To kinda sorta set the stage let me just fill you in on a few things about the one and only Ma Self. She is an art teacher by trade and an artist by nature. I don’t mean to stereotype or anything but for me this meant I grew up with an interesting mix of business savvy (Pa Self) and um, a complete and utter lack of respect for “the man” (Ma Self).

Yep, it has been Ma Self who has always encouraged me to give up my day job and become a lifeguard. “You always loved the water!” And Ma Self who gave me a “tie dye” kit for my college graduation.  Ma Self who paid an animal psychic to connect with Bill the dog (who left us in ’02) to try and understand how she could have raised us better – sibling rivalry and all. Yes, and it was Ma Self who named the dog, “Bill”.

It was a shock of course to Ma Self when I graduated college and instead of living off the land somewhere went to work for the biggest of all corporations – IBM. It was a shock to me eight years later when she decided to trade in the pens and pencils and take up Powerpoint.

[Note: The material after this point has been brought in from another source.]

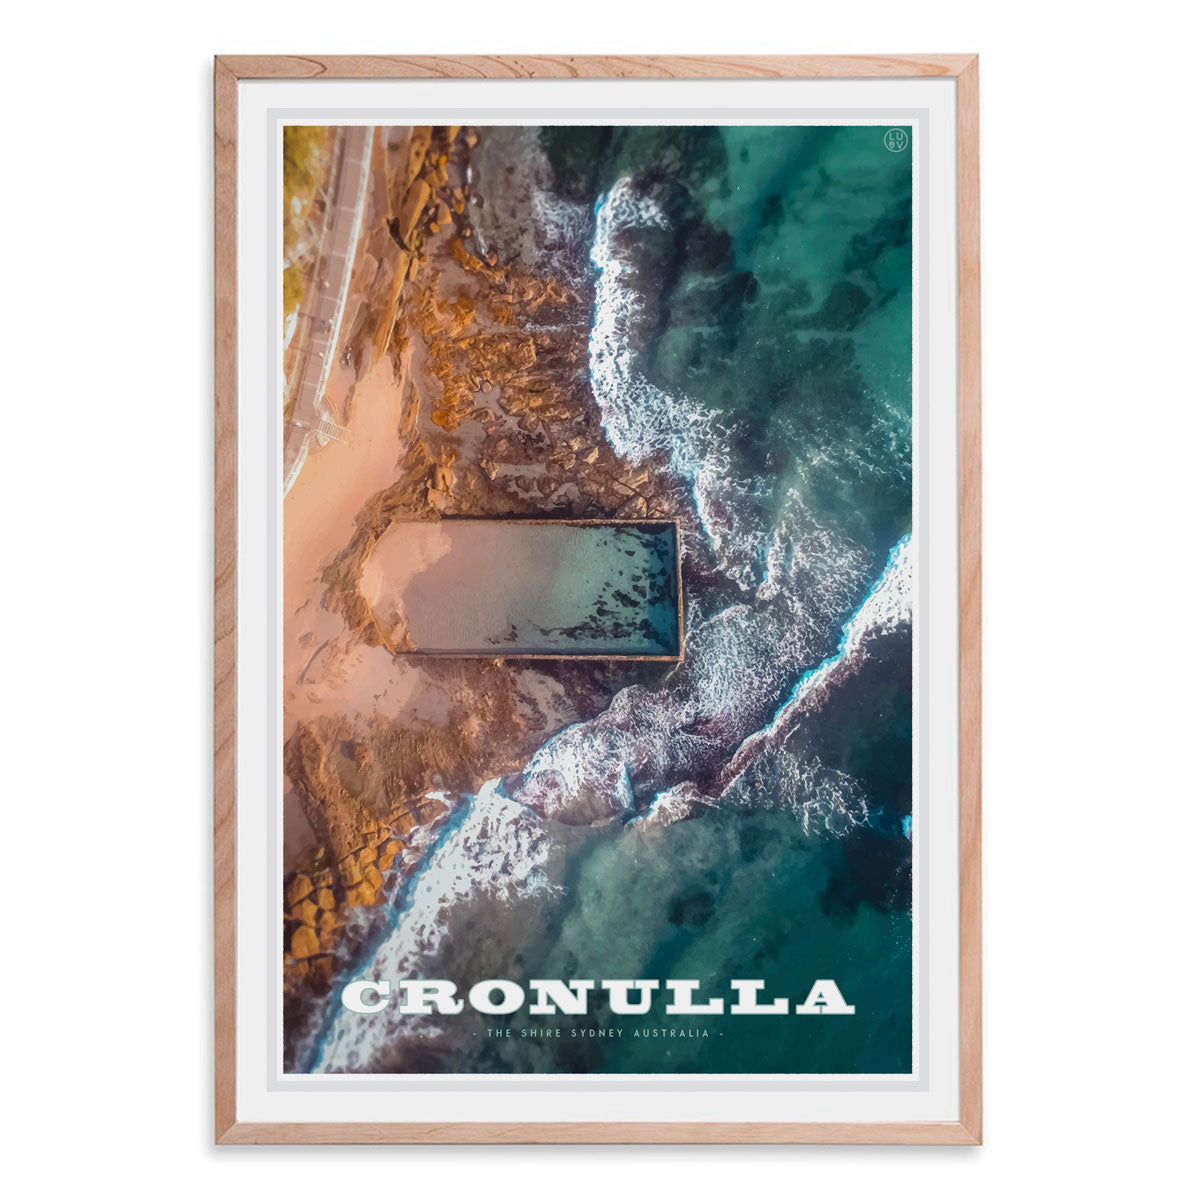 Cronulla oak framed print travel style by places we luv

Yes, Powerpoint. And not just any version of Powerpoint – but Powerpoint 2007.  (She is way too advanced for all the other versions, her words, not mine.)

So over the course of 2007 and well into 2008 Ma Self took a one credit hour course in Powerpoint. I of course feel as though I took that same course – if only virtually. Yes, while the final deliverable was just a  single (as in one) presentation she could present to her class named “All About Me”, to my mother, the “Blank Template” one finds when selecting New -> Presentation stood as an empty canvas; one just waiting to be painted with jumping dogs, waving hands and ringing bells.

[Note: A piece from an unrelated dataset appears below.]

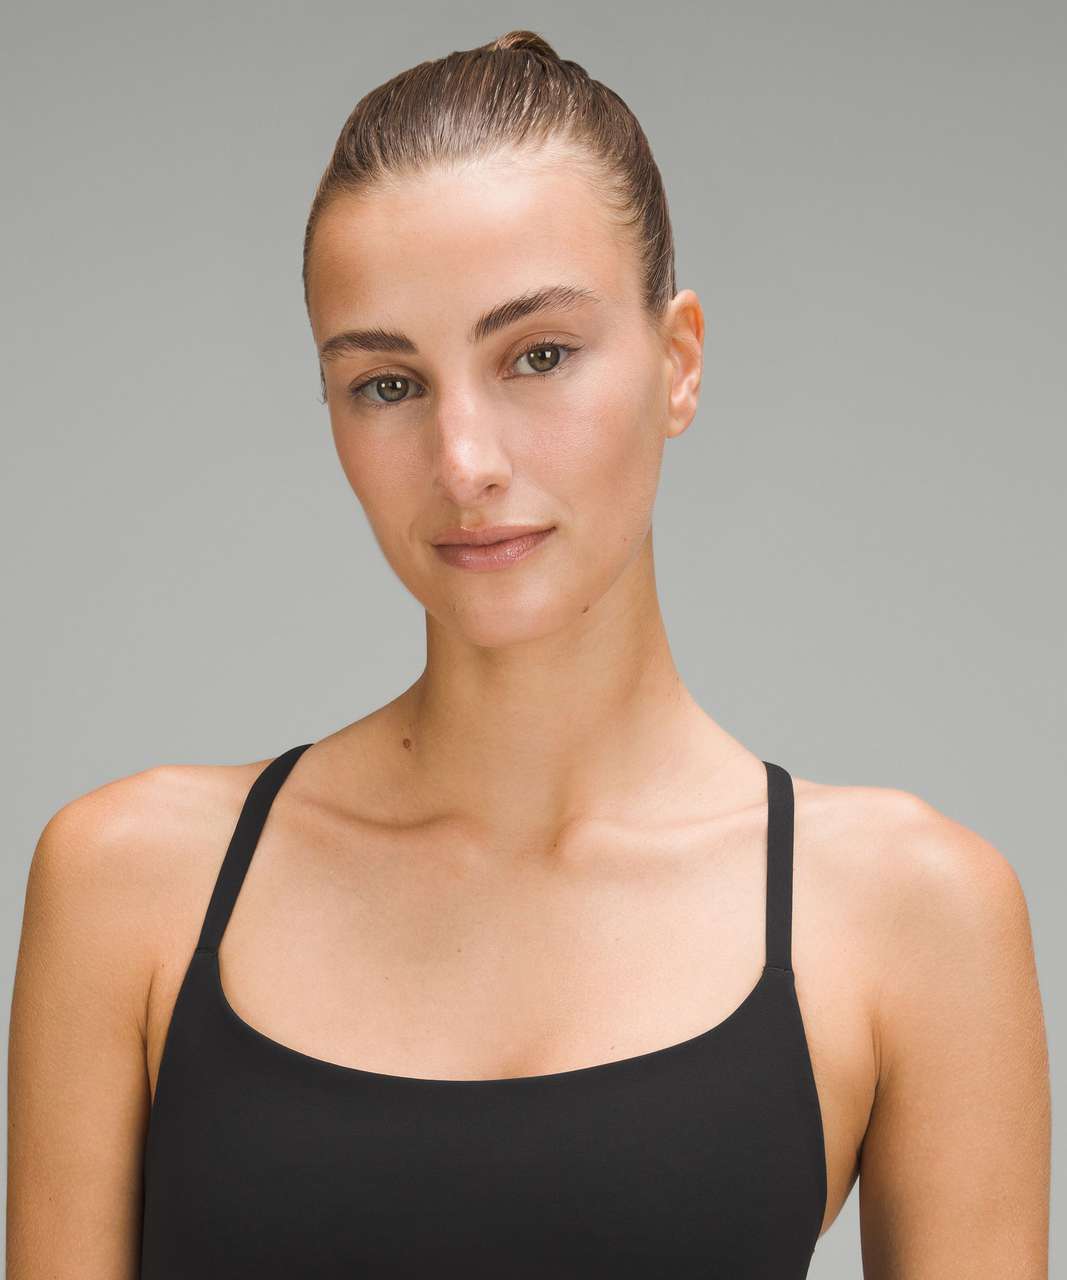 Lululemon Wunder Train Strappy Racer Bra *Light Support, A/B Cup - Black (Third Release)

Yes, by the time it was all said and done Ma Self managed to create a presentation that broke every single rule one could think of in the corporate world. It had animation, it had sound effects, it was choreographed, there were different fonts, different transitions…there was the fact that it was 2.1GB and would crash everyone elses laptop except for my own trusty rusty T60. But the one thing it wasn’t was ugly. Although I can safely say her “movie” (I will refer to it that way now since it was way more a production then a presentation would not have flown at any conference to which I have been a presenter it was certainly a true representation of her – imagined, creative and inspired. I wouldn’t have expected anything less.

And so here are just a couple of my personal favorites – some of the smaller ones I could actually take a screen capture of.

(The “I Have Lived in 6 States Slide” is completely animated. With the initial click, a John Deere tractor zooms in from the right to point to Illinois AND makes a honking sound.  Another click and a spinning Alamo lands with a splat in the state of Texas. Click again and a few bowling pins appear in a checkerboard pattern over Ohio. Moments later a crab claws its way onto the screen and so on and so on. This process takes about ten minutes to complete and when it is all said and done the slide alone = 540MB, generally crashing Powerpoint)


(The “My Daughter Angela” slide. This one starts with a drumroll. And some flickering of the background image before a rather unflattering picture of me with a beer and a nasty green background appears on the screen. Oh and did I mention the name “Angela” goes screeching, yes, screeching in from the left and then slides back to the right.)